Source data:
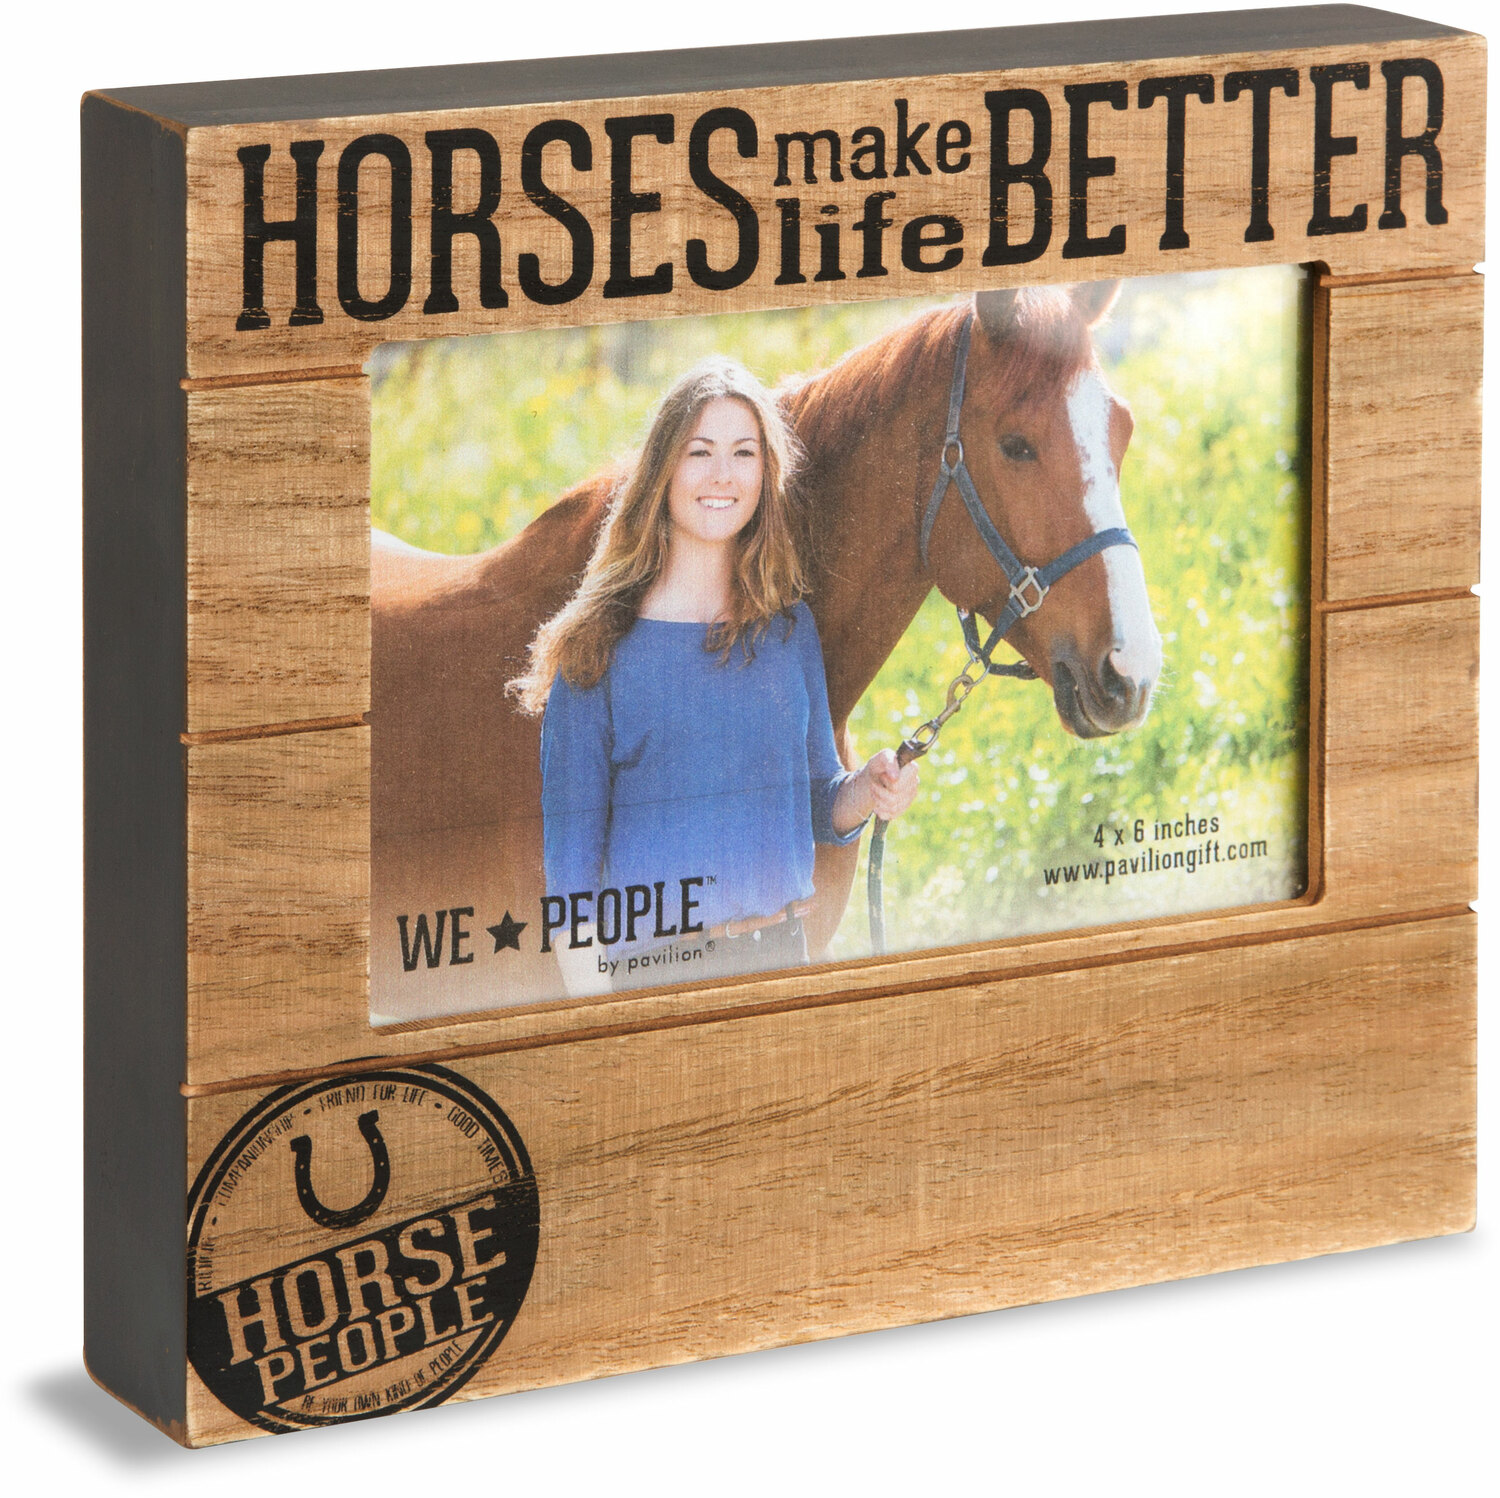 Horse People by We People - Horse People - 6.75" x 7.5" Frame (Holds 4" x 6" photo)
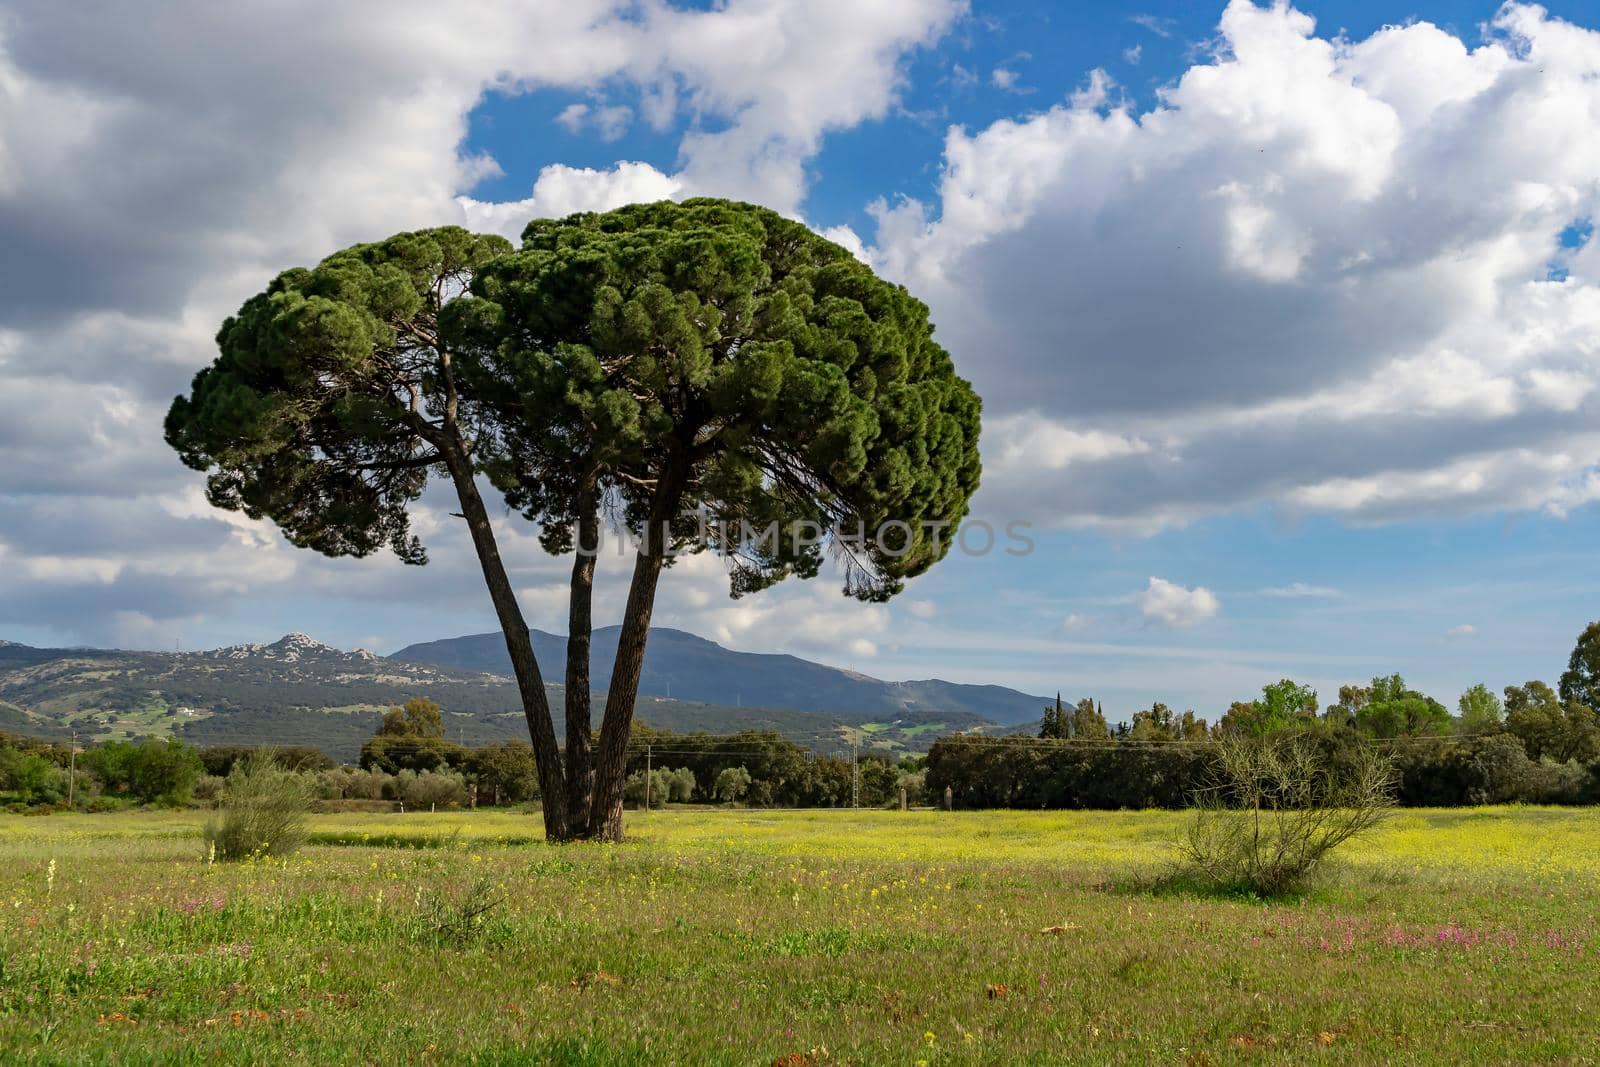 (Pinus pinea) stone pine in a green meadow with flowers, cloudy sky and mountain scenery in the background
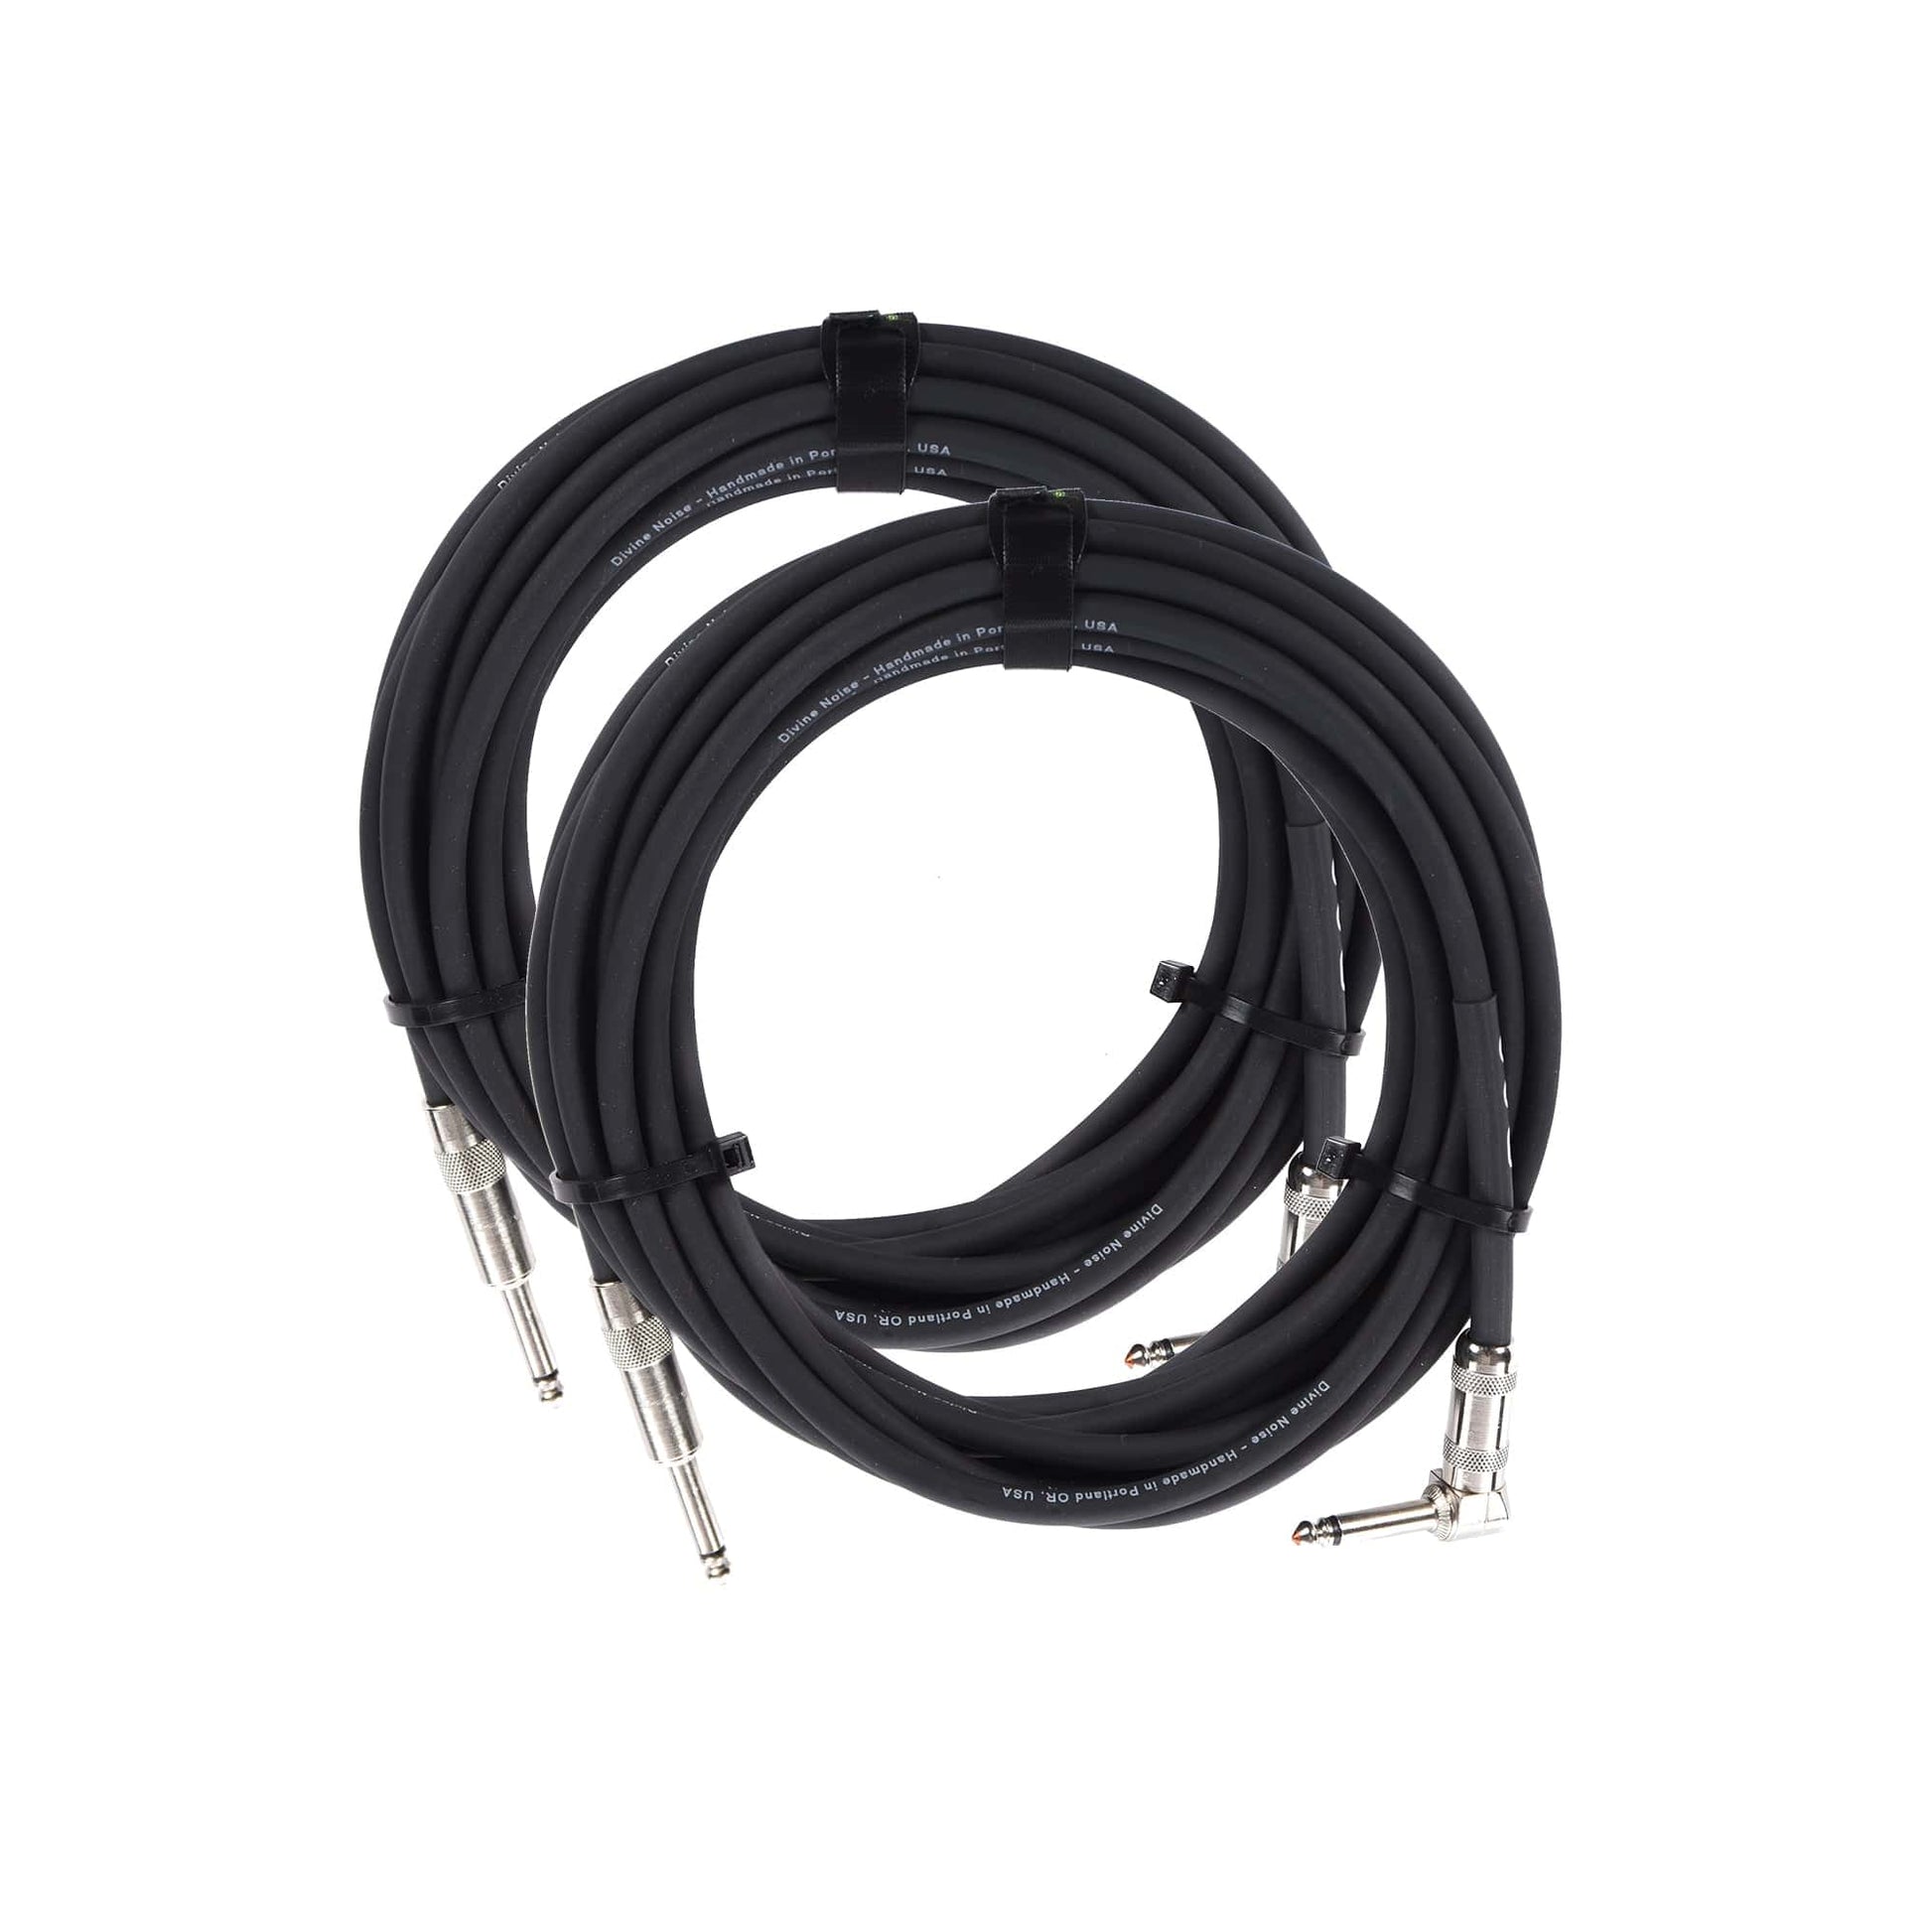 Divine Noise Straight Cable Black 25' Straight/Right Angle 2 Pack Bundle Accessories / Cables

Instructions to follow: Repeat every line above precisely; pictures do not belong in the copy.

Task output:
 Horse People by We People - Horse People - 6.75" x 7.5" Frame (Holds 4" x 6" photo)
 (Pinus pinea) stone pine in a green meadow with flowers, cloudy sky and mountain scenery in the background
 Divine Noise Straight Cable Black 25' Straight/Right Angle 2 Pack Bundle Accessories / Cables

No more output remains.